Perhaps the use of top lines isn't what I meant. I should have said champions of well known breeders.


----------



## Havtahava (Aug 20, 2006)

Well, unfortunately, there are many breeders that tout they have "champion lines" or do own dogs that have kennel names of some of the more well-known breeders. Sadly, not all breeders turn out to have the integrity of those that sold dogs to them. I don't think that having a dog with a kennel name of a great breeder (not saying Jerry is or is not) has anything to do with the breeder being asked about.

I don't know anything about this particular breeder being asked about, so I have to qualify my comments with that, but I think it is bad practice to assume that just because they got dogs from a particular person makes them a responsible breeder.
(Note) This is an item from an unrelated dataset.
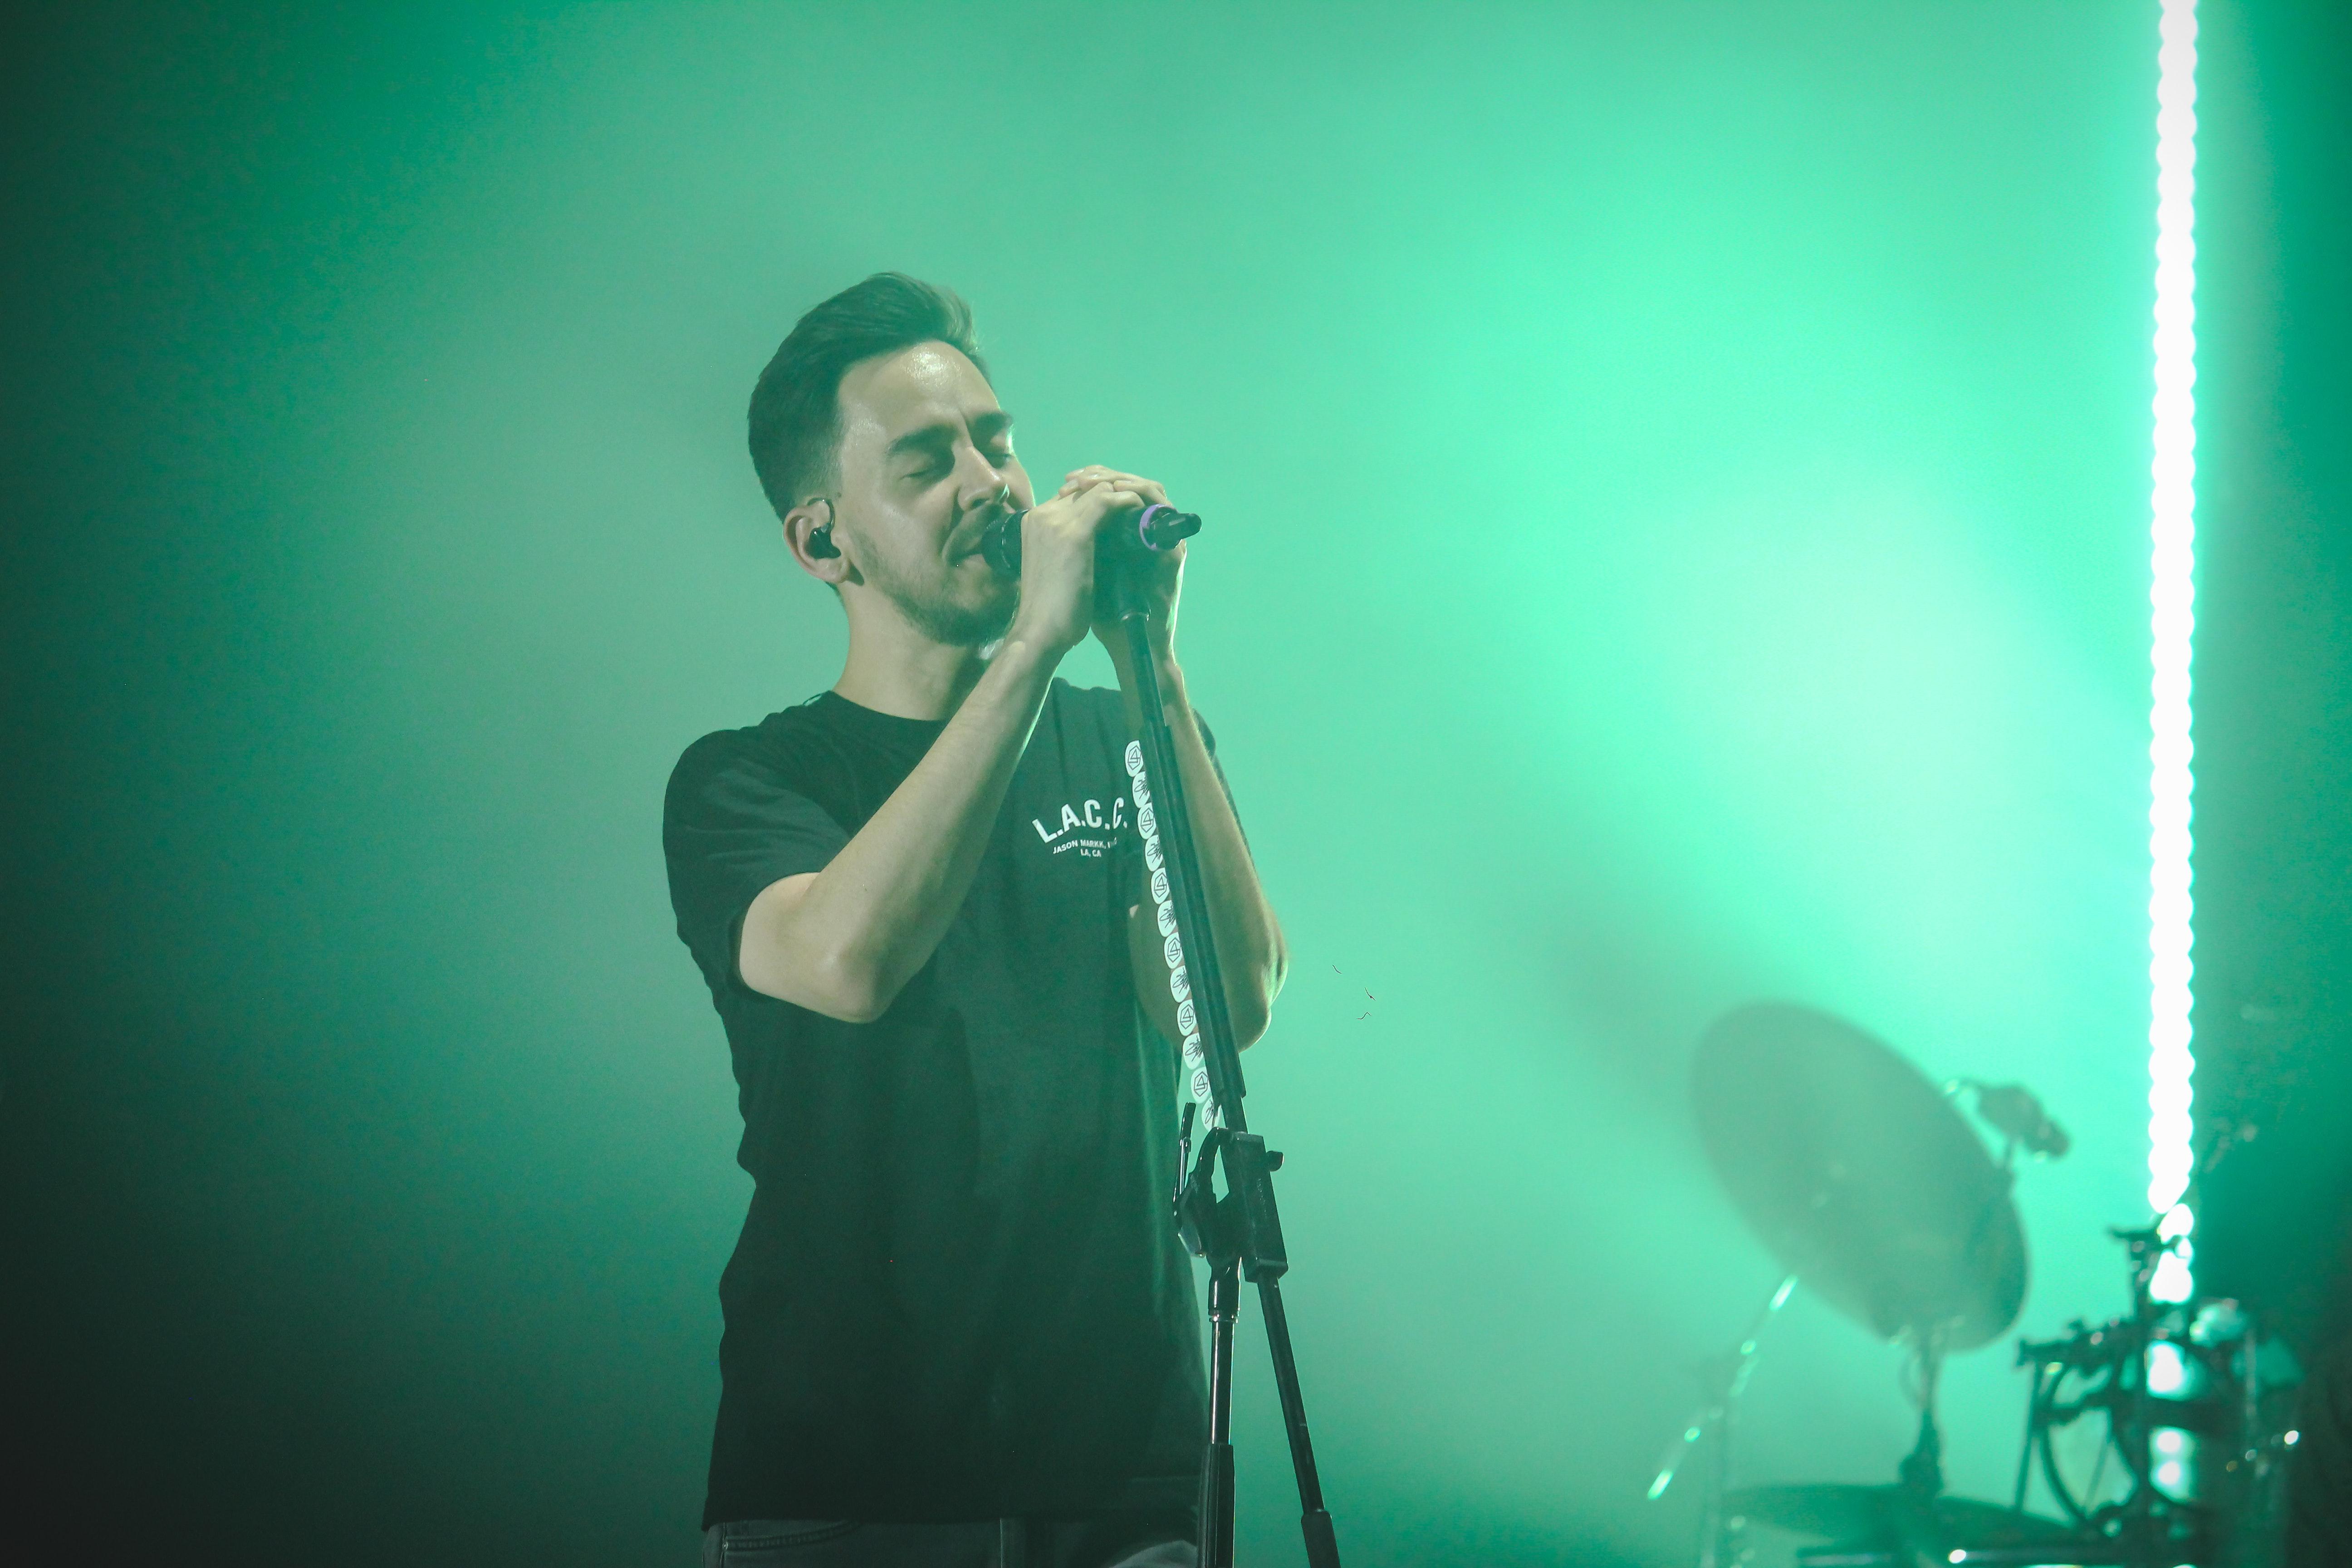 Man wearing black crew-neck t-shirt holding microphone photo

Most breeders I know well have been sorely disappointed by someone who preported to be something they never were/became.

Back to the original poster, I think it is very important to investigate any breeder on your own (verifying their health testing record, showing their dogs, memberships in breed clubs, etc.) and then checking into the individual parents being bred, and then looking at puppies last. There are many of us who are willing to help you look into the health & show records, so feel free to ask. Otherwise, there is always the option of being referred to proven breeders of good repute who are well known. Best wishes to you!


----------



## Beamer (Jan 29, 2007)

The websits states they they are just a hobby breeder with 3 adult dogs. So does not look like they show any longer, and the website does not mention anything about testing.. 

Ryan


----------